Она чрезвычайно устала, и порой у нее возникало искушение подписать договор, чтобы избавиться от его назойливости. Но Франциск… Это будет предательством его интересов. Она не могла подписывать документы из-за слабости или лени.

– Вы знаете, что это ничего не меняет, – быстро возразил он. – Вопрос заключается в ваших притязаниях на трон Англии или в праве на престолонаследие. – Посол был достаточно дружелюбным, молодым и открытым человеком, вполне привлекательным, несмотря на ярко-рыжие волосы и протестантскую веру. На сам деле он даже понравился Марии. – Король Франциск не имел к этому никакого отношения.

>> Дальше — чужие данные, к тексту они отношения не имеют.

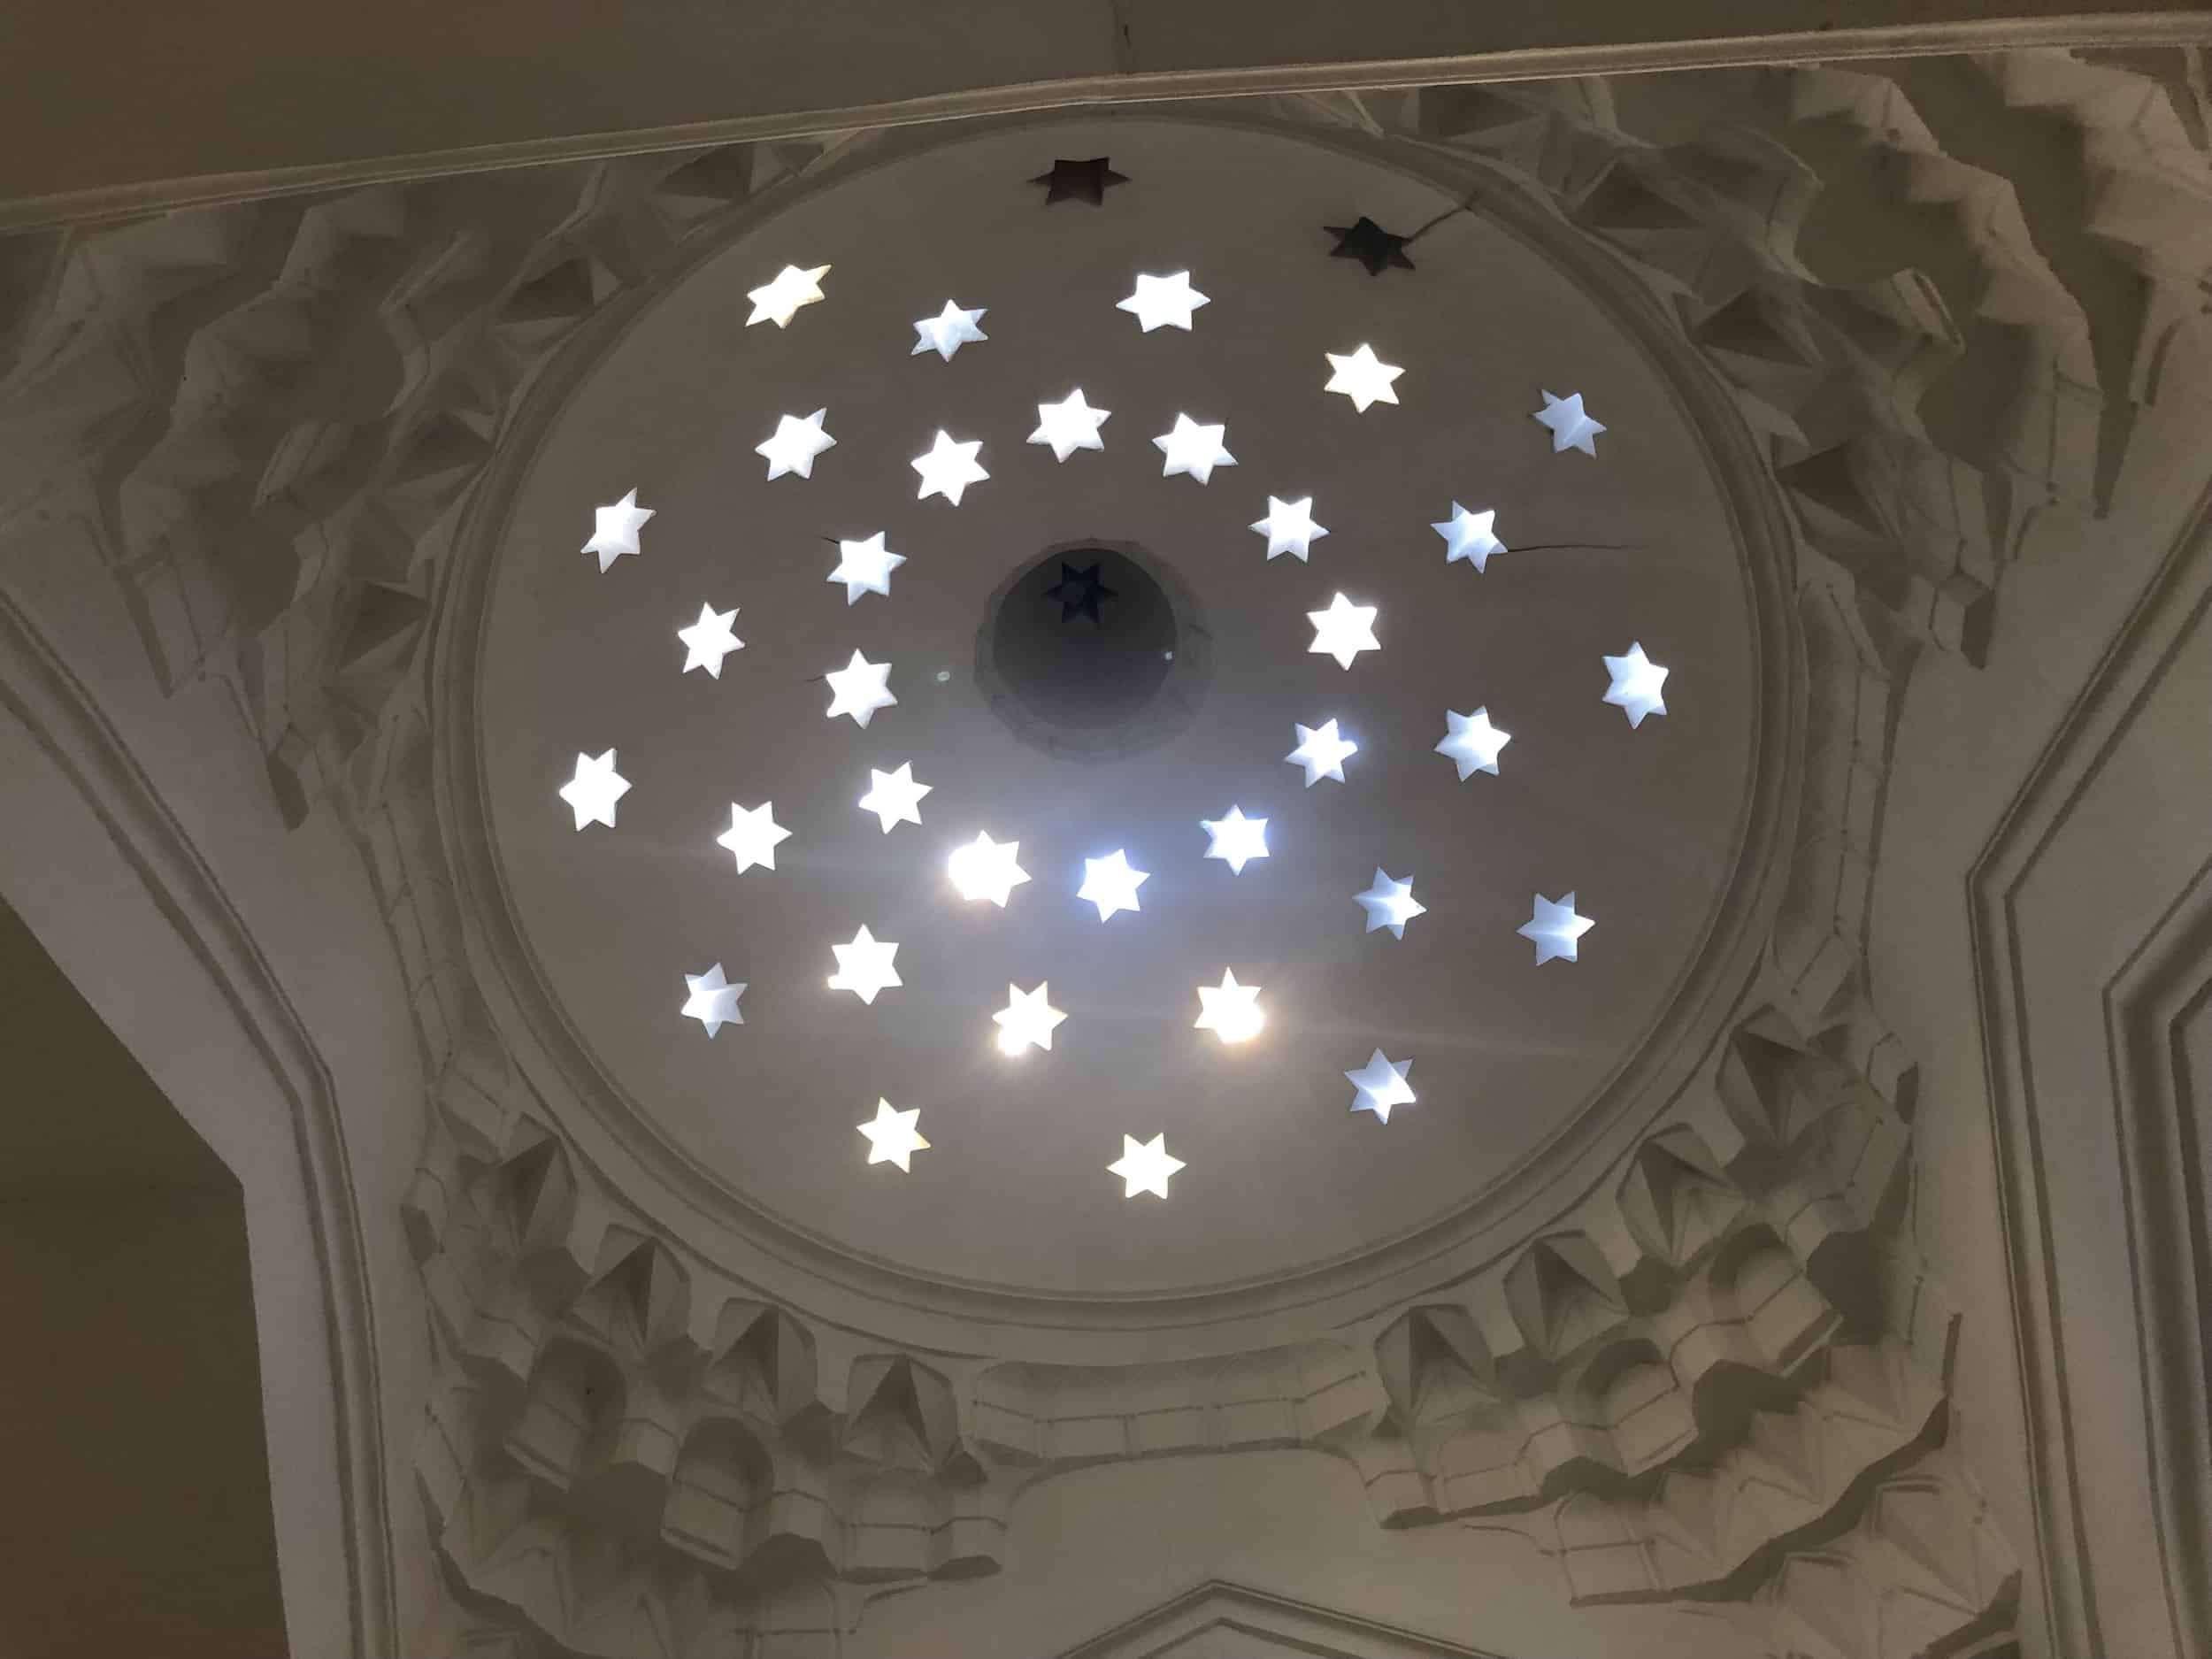 Dome in the women's warm room at the Bayezid II Hamam (Bayezid II Turkish Bath Cultural Museum) in Beyazıt, Istanbul, Turkey

Она обезоруживающе улыбнулась:

– Это слишком серьезное дело для меня. Я должна посоветоваться с членами своего шотландского совета, так как у меня не осталось мужа, к которому я могла бы обратиться.

Трокмортон едва не рассмеялся. Как будто Франциск когда-либо мог давать политические советы! Но значит ли это, что она не хочет консультироваться со своими старшими французскими родственниками? Решила ли она освободиться от них?

– Ваше Величество, это действительно очень важный вопрос, и до его разрешения он будет препятствовать отношениям с вашей сиятельной кузиной, королевой Елизаветой.

– Меня сильно огорчает это обстоятельство. Но я знаю, что королева Англии не хочет, чтобы кто-то стоял между ней и ее наследственными правами. Она сама поступила так же в схожей ситуации.

Трокмортон кивнул. Тем не менее вопрос требовал решения. Папа поддержал притязания Марии на английский трон и подтвердил, что в данный момент именно она является истинной королевой Англии. Кроме того, существовало ее законное право престолонаследия. Это было не одно и то же. Первую претензию необходимо было аннулировать, но вторую можно было сохранить при условии, что Мария откажется от первой. Чем больше она будет настаивать на первом требовании, тем менее склонна будет Елизавета удовлетворить второе за отказ от первого.

Трокмортон знал, что терпение королевы Елизаветы уже на исходе. Поведение Марии подтверждало его худшие опасения, и она все больше интересовалась скрытыми мотивами его госпожи.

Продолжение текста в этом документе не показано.